As many as 10 out of the 14 families who signed up for the program are still living in rental units, said City Manager Tom Herre.
“This money will let them get on with their lives. It will make them financially whole again,” Herre said.
The funding acquisition project of the Federal Emergency Management Agency (FEMA) was offered to some of the city’s worst flood victims. All the properties were located within a 100-year flood plain and experienced damage costs that were beyond 50 percent of the home’s value.
The program allows the city to purchase the properties, demolish the structures, and turn the properties into public green space. A few of the houses are located on Doty Street, and the rest are scattered in flood plain areas along the Fond du Lac River.
City Council President Tim Lakin said the goal of the program was to remove houses from flood plain areas. Some of the properties have already been razed.
“We are happy these families will finally get some closure,” he said.
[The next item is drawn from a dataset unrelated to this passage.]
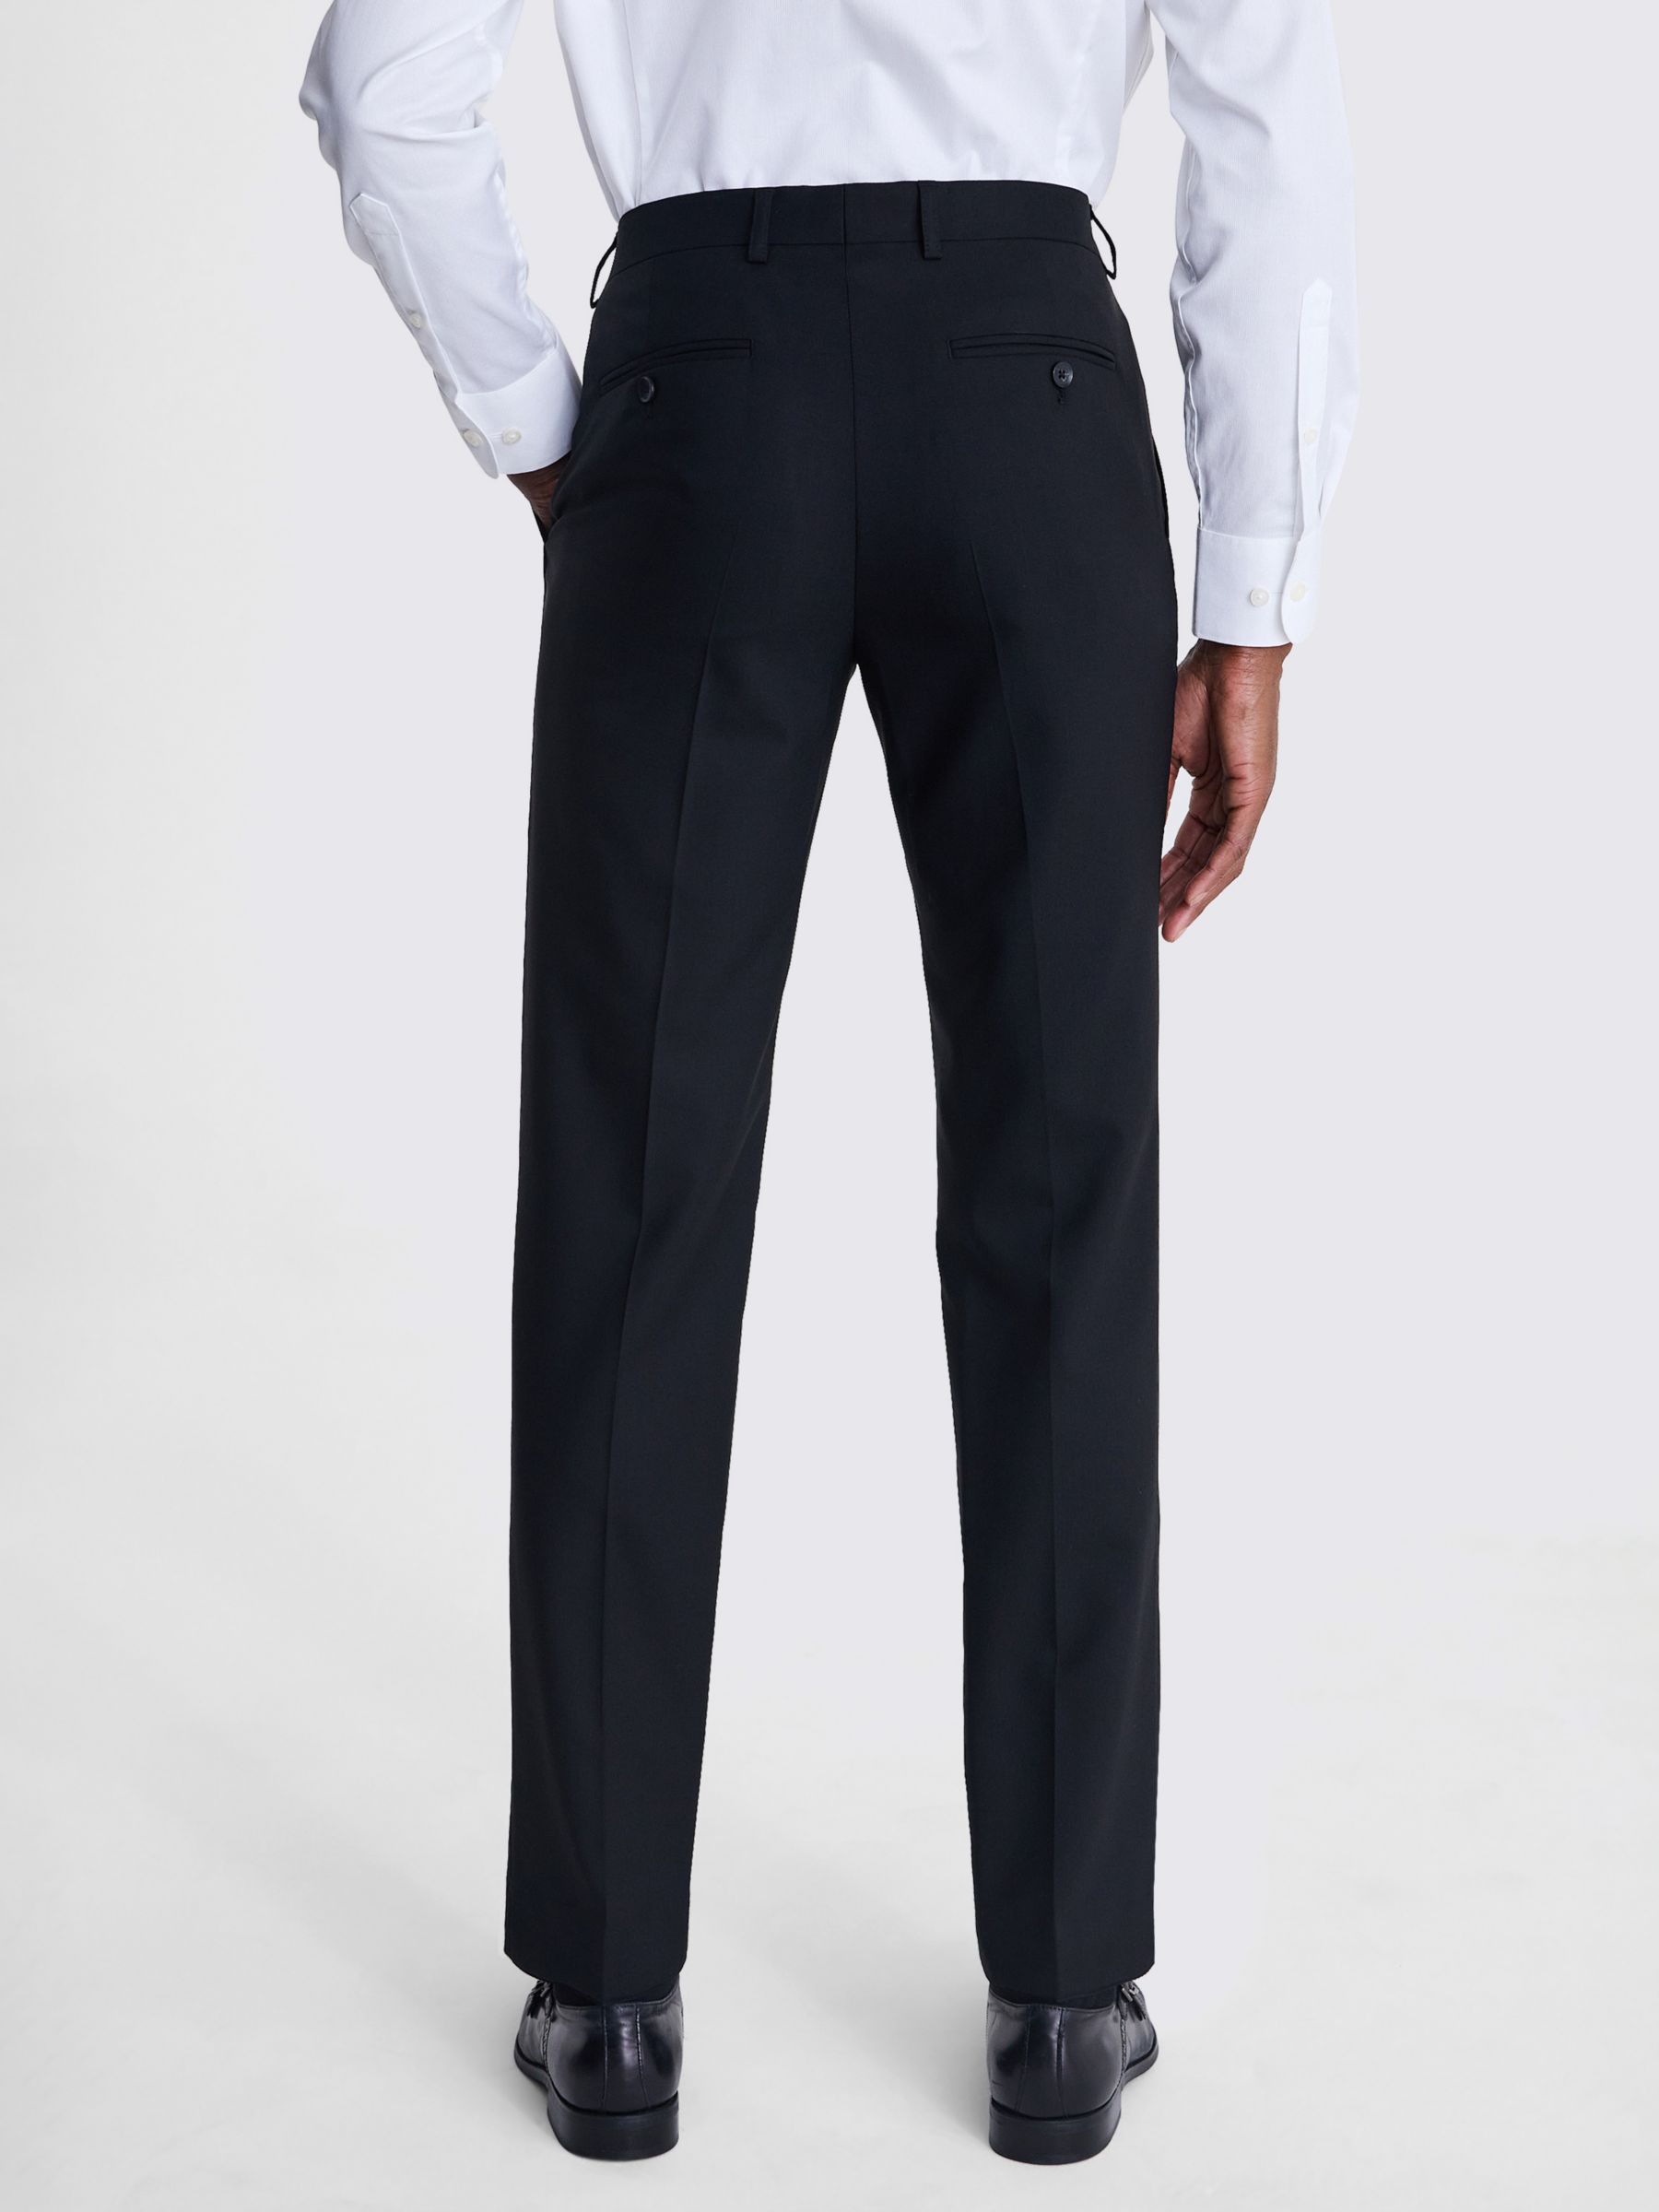 Buy Moss x Barberis Italian Tailored Fit Half Lined Trousers, Black Online at johnlewis.com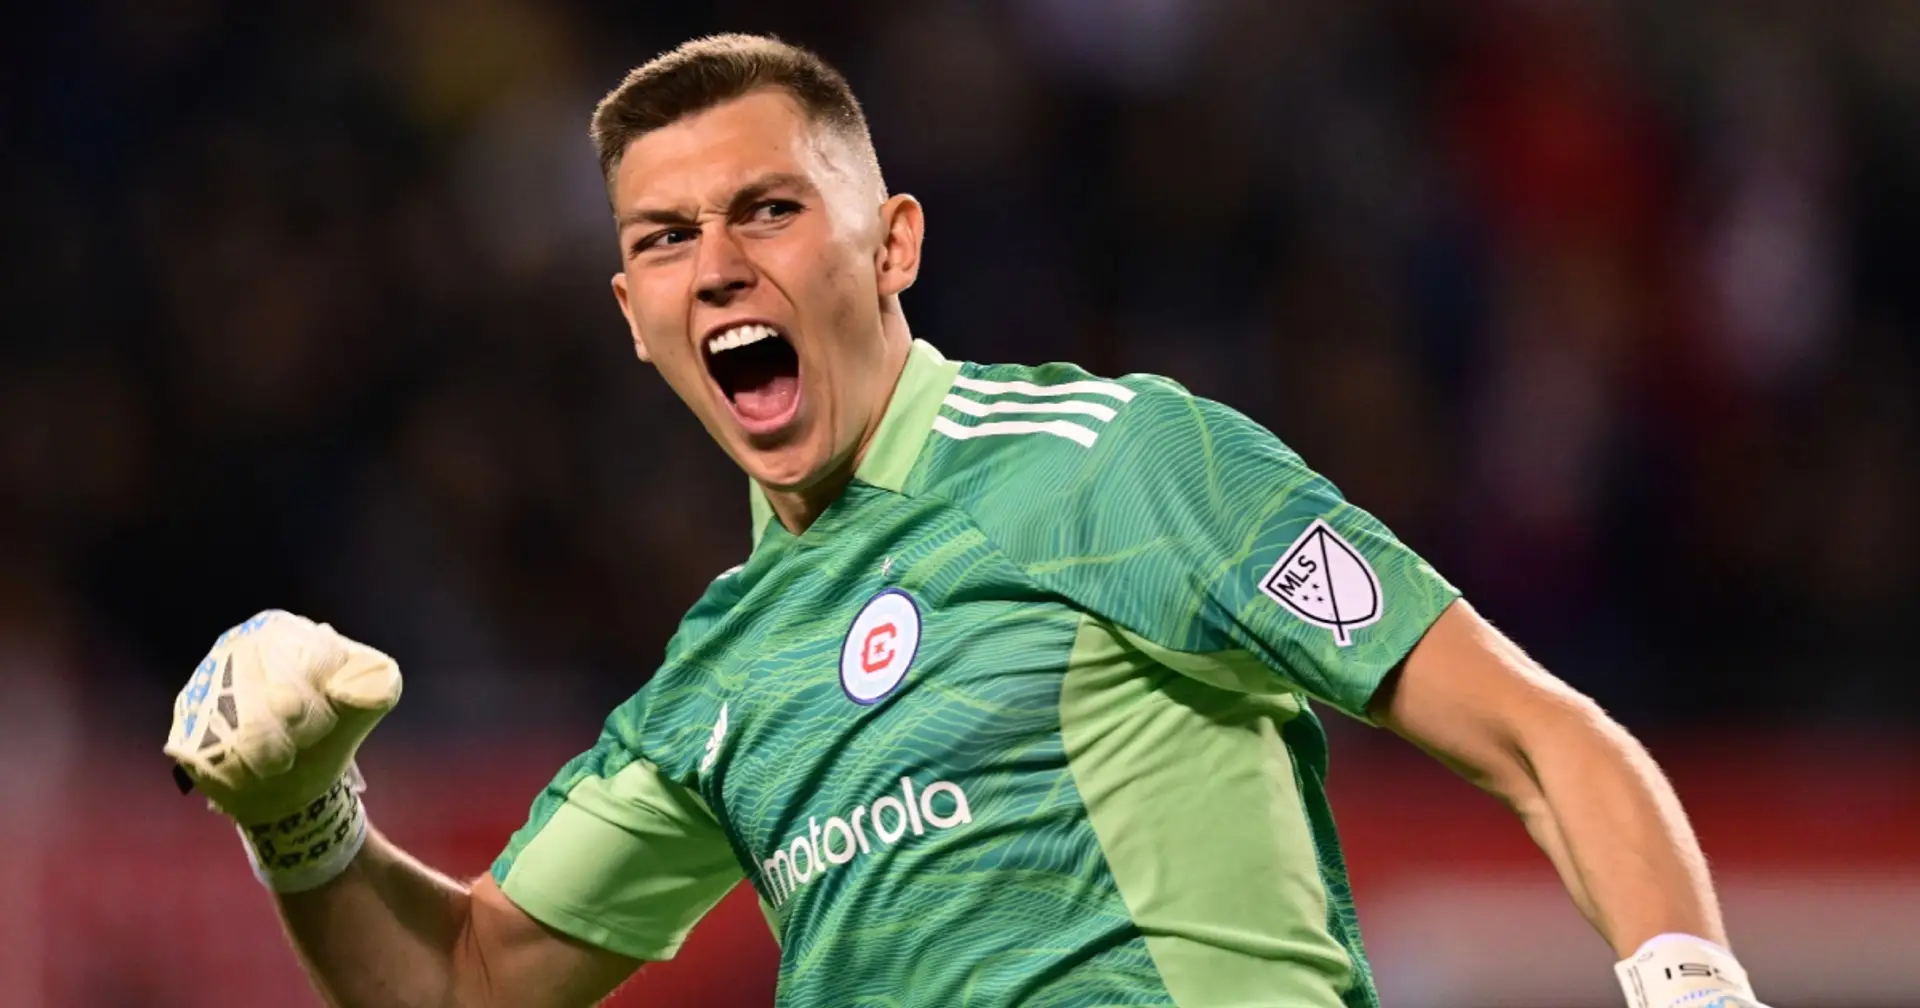 Chelsea 'really close' to beating Real Madrid to 18-year-old keeper Gabriel Slonina - Fabrizio Romano

A total of $1.6 million will be divided between the 14 homes, Herre said. FEMA will pay 75 percent of the project costs, and the remaining 25 percent of the cost, $410,602, will be provided through a combination of funds from the State of Wisconsin and the City of Fond du Lac.
Herre said property owners have all been notified and will be paid what the value of their house was before the flood.
“There are still some administrative hurdles to be taken care of, but it will be sooner rather than later,” he said.
The lots are fairly small and close together but not conducive to creating neighborhood parks, he said.
“What we think will happen is neighbors would be granted an easement to use that property for activities in the area. In turn, they would promise to maintain the space,” Herre said.